Before starting this assignment, please download
RStudio Desktop on your computer. Both are open-source and free to use.
Detailed installation instructions can be found here
To complete this assignment, students must download the
R notebook template and open the file in their RStudio application. Please click the button below to download the template.
After completing the assignment, please upload the template (
.Rmd file) to Blackboard as your submission.
This semester we will be working with a data set from the field of Human Resources Analytics.
Broadly speaking, this field is concerned with using employee data within a company to optimize objectives such as employee satisfaction, productivity, project management, and most commonly, avoiding employee attrition.
Ideally, companies would like to keep attrition rates (the proportion of employees leaving a company for other opportunities) as low as possible due to the variable costs and business disruptions that come with having to replace productive employees on short notice.
The objective of this project is to perform an exploratory data analysis on the
employee_data data set to uncover potential solutions for minimizing employee attrition rates.
employee_data data frame is loaded below and consists of 1,470 employee records for a U.S. based product company. The rows in this data frame represent the attributes of an employee at this company across the variables listed in the table below.
|left_company||Did the employee leave the company? (Yes/No)||Factor|
|department||Department within the company||Factor|
|job_level||Job Level (Associate - Vice President)||Factor|
|salary||Employee yearly salary (US Dollars)||Numeric|
|weekly_hours||Self-reported average weekly hours spent on the job (company survey)||Numeric|
|business_travel||Level of required business travel||Factor|
|yrs_at_company||Tenure at the company (years)||Numeric|
|yrs_since_promotion||Years since last promotion||Numeric|
|previous_companies||Number of previous companies for which the employee has worked||Numeric|
|job_satisfaction||Self-reported job satisfaction (company survey)||Factor|
|performance_rating||Most recent annual performance rating||Factor|
|marital_status||Marital status (Single, Married, or Divorced)||Factor|
|miles_from_home||Distance from employee address to office location||Numeric|
Executives at this company have hired you as a data science consultant to identify the factors that lead to employees leaving their company.

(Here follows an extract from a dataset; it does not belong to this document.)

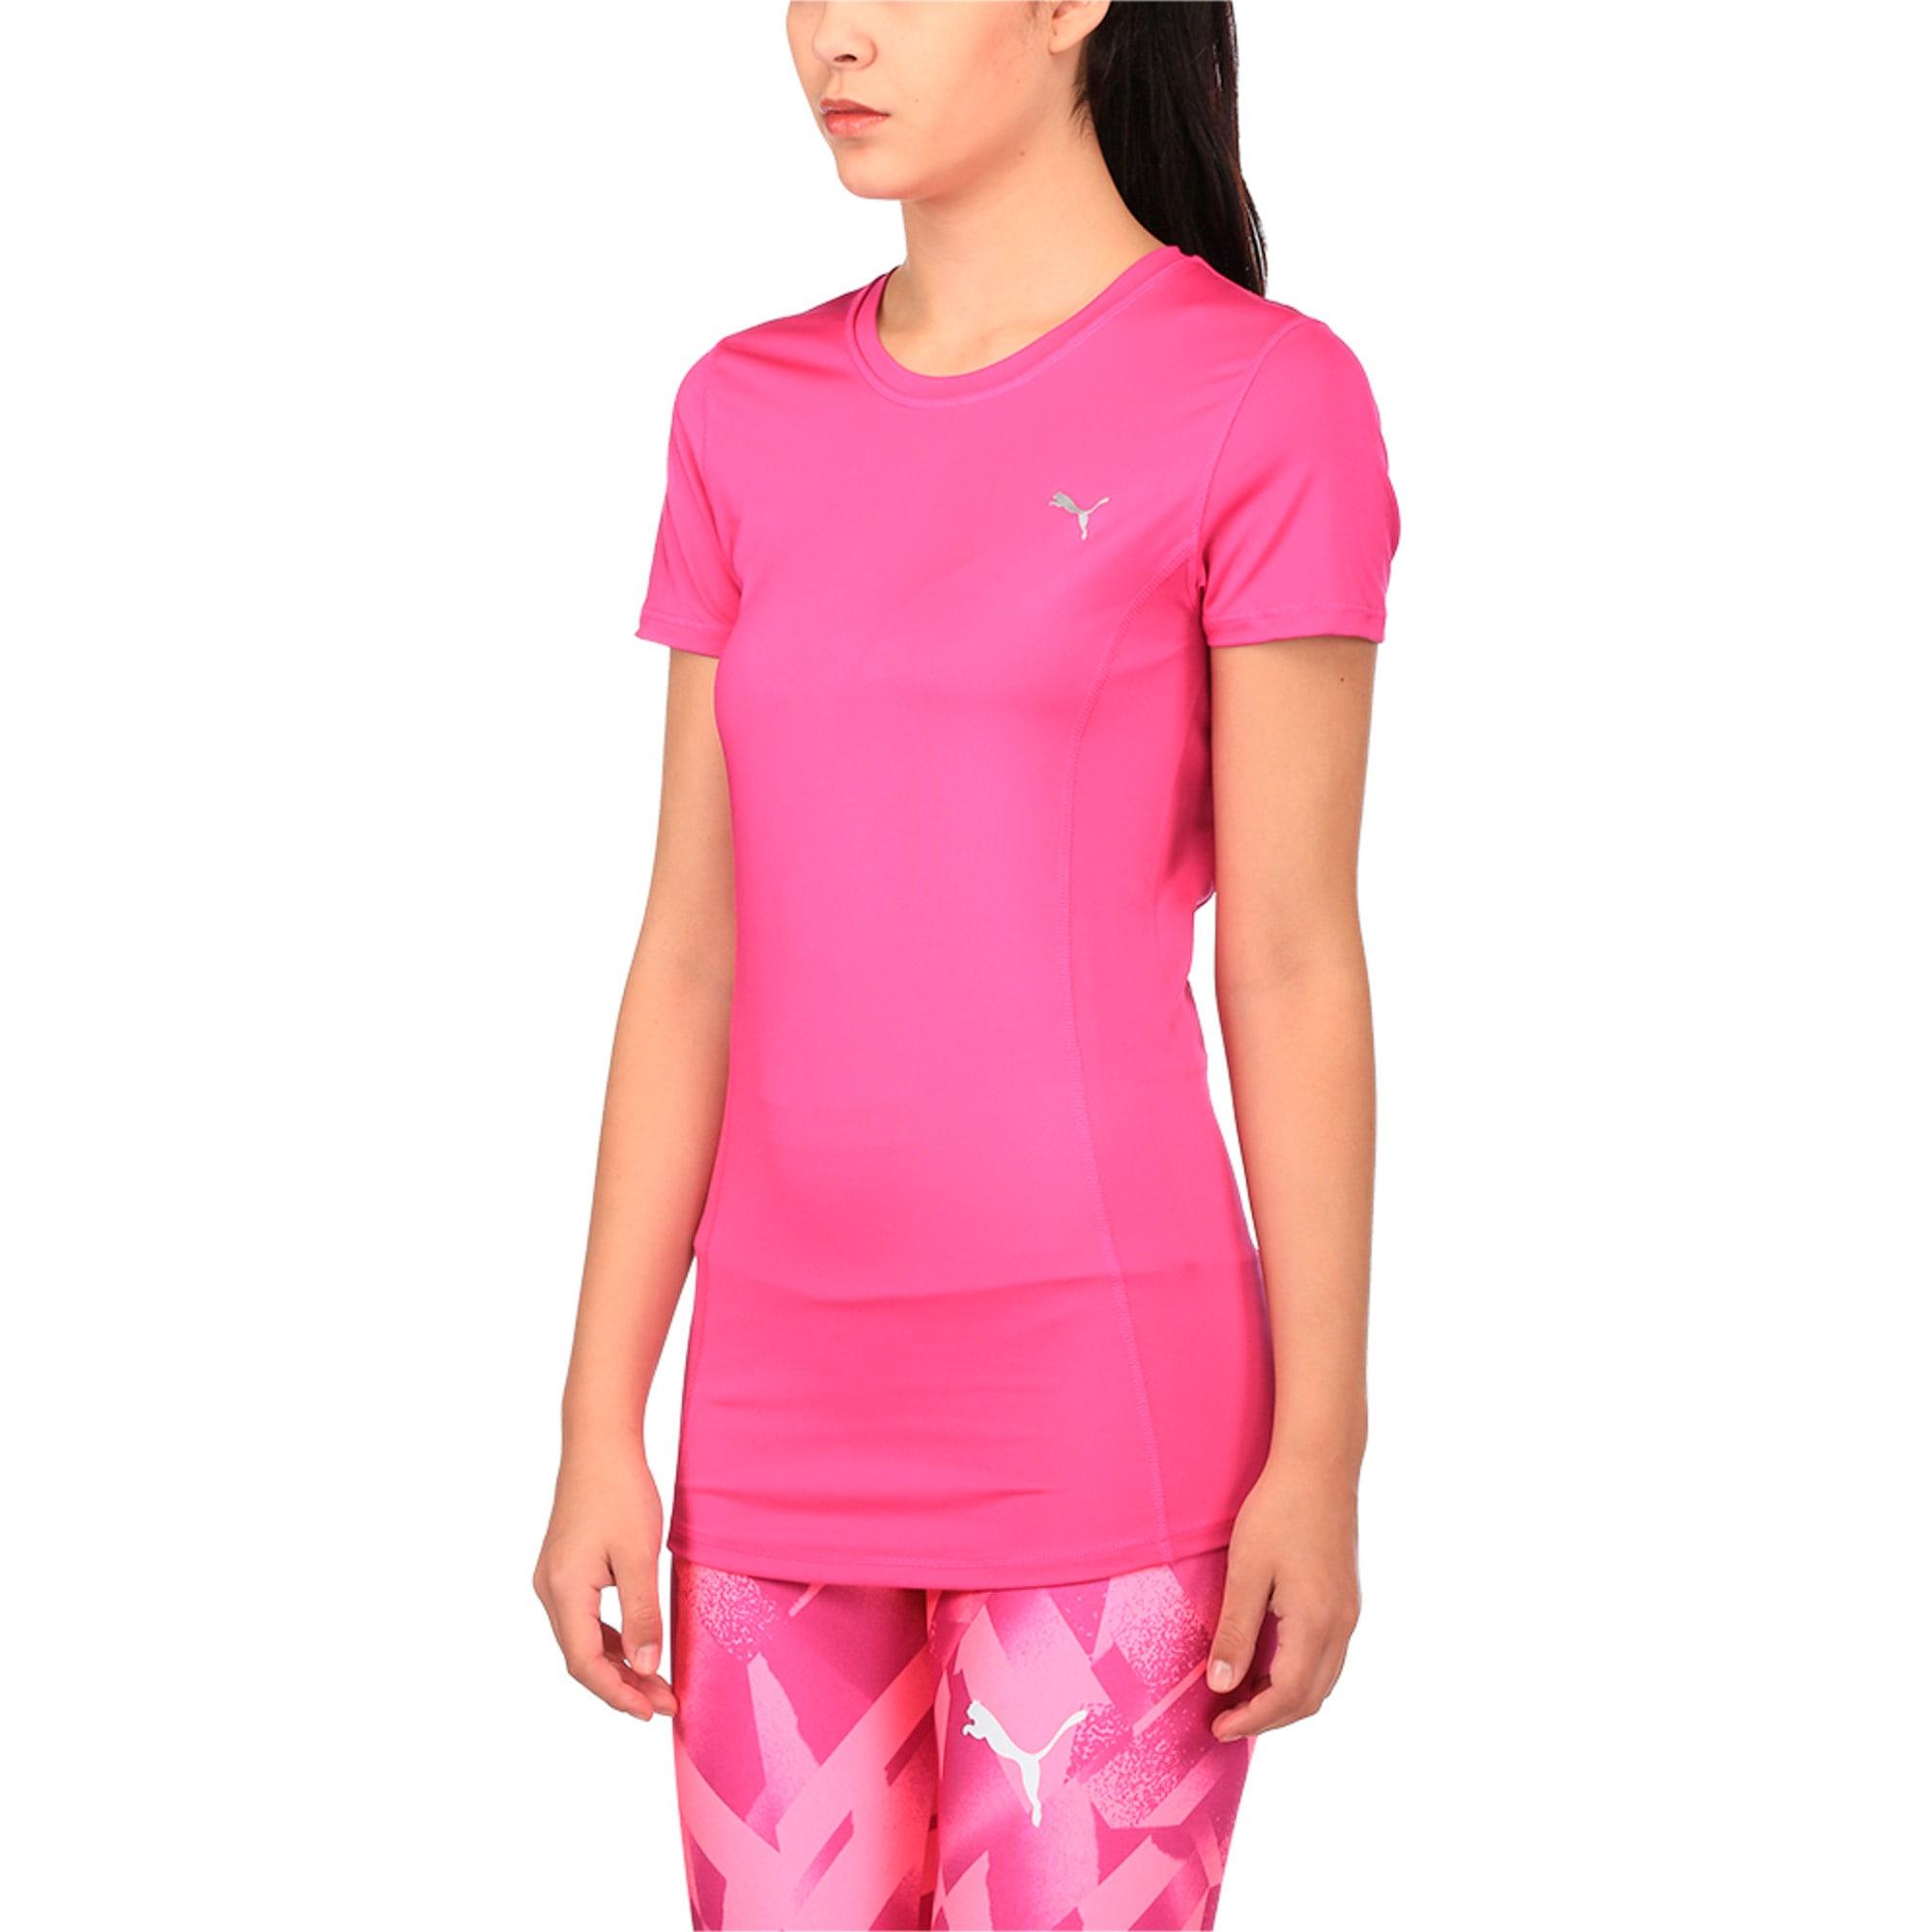 Thumbnail 2 of Training Women's Essential T-Shirt, ULTRA MAGENTA, medium-IND

They would like for you to explore why employees are leaving their company and make recommendations on how to minimize this behavior.
You must think of at least 5 relevant questions that explore the relationship between
left_company and the other variables in the
employee_data data frame.
The goal of your analysis should be discovering which variables drive the differences between employees who do and do not leave the company.
You must answer each question and provide supporting data summaries with either a summary data frame (using
tidyr) or a plot (using
ggplot) or both.
In total, you must have a minimum of 3 plots and 3 summary data frames for the exploratory data analysis section. Among the plots you produce, you must have at least 3 different types (ex. box plot, bar chart, histogram, heat map, etc…)
Each question must be answered with supporting evidence from your tables and plots. See the example question below.
Is there a relationship between employees leaving the company and their current salary?
Answer: Yes, the data indicates that employees who leave the company tend to have lower salaries when compared to employees who do not. Among the 237 employees that left the company, the average salary was $76,625. This is over $20,000 less than the average salary of employees who did not leave the company.
Among the employees who did not leave the company, only 10% have a salary that is less than or equal to $60,000. When looking at employees who did leave the company, this increase to 34%.
ggplot(data = employee_data, aes(x = salary, fill = left_company)) + geom_histogram(aes(y = ..density..), color = "white", bins = 20) + facet_wrap(~ left_company, nrow = 2) + labs(title = "Employee Salary Distribution by Status (Left the Comapny - Yes/No)", x = "Salary (US Dollars", y = "Proportion of Employees")
Write an executive summary of your overall findings and recommendations to the executives at this company. Think of this section as your closing remarks of a presentation, where you summarize your key findings and make recommendations to improve HR processes at the company.
Your executive summary must be written in a professional tone, with minimal grammatical errors, and should include the following sections:
An introduction where you explain the business problem and goals of your data analysis
What problem(s) is this company trying to solve? Why are they important to their future success?
What was the goal of your analysis? What questions were you trying to answer and why do they matter?
What were the interesting findings from your analysis and why are they important for the business?
This section is meant to establish the need for your recommendations in the following section
Your recommendations to the company on how to reduce employee attrition rates
Each recommendation must be supported by your data analysis results
You must clearly explain why you are making each recommendation and which results from your data analysis support this recommendation
You must also describe the potential business impact of your recommendation:
Why is this a good recommendation?
What benefits will the business achieve?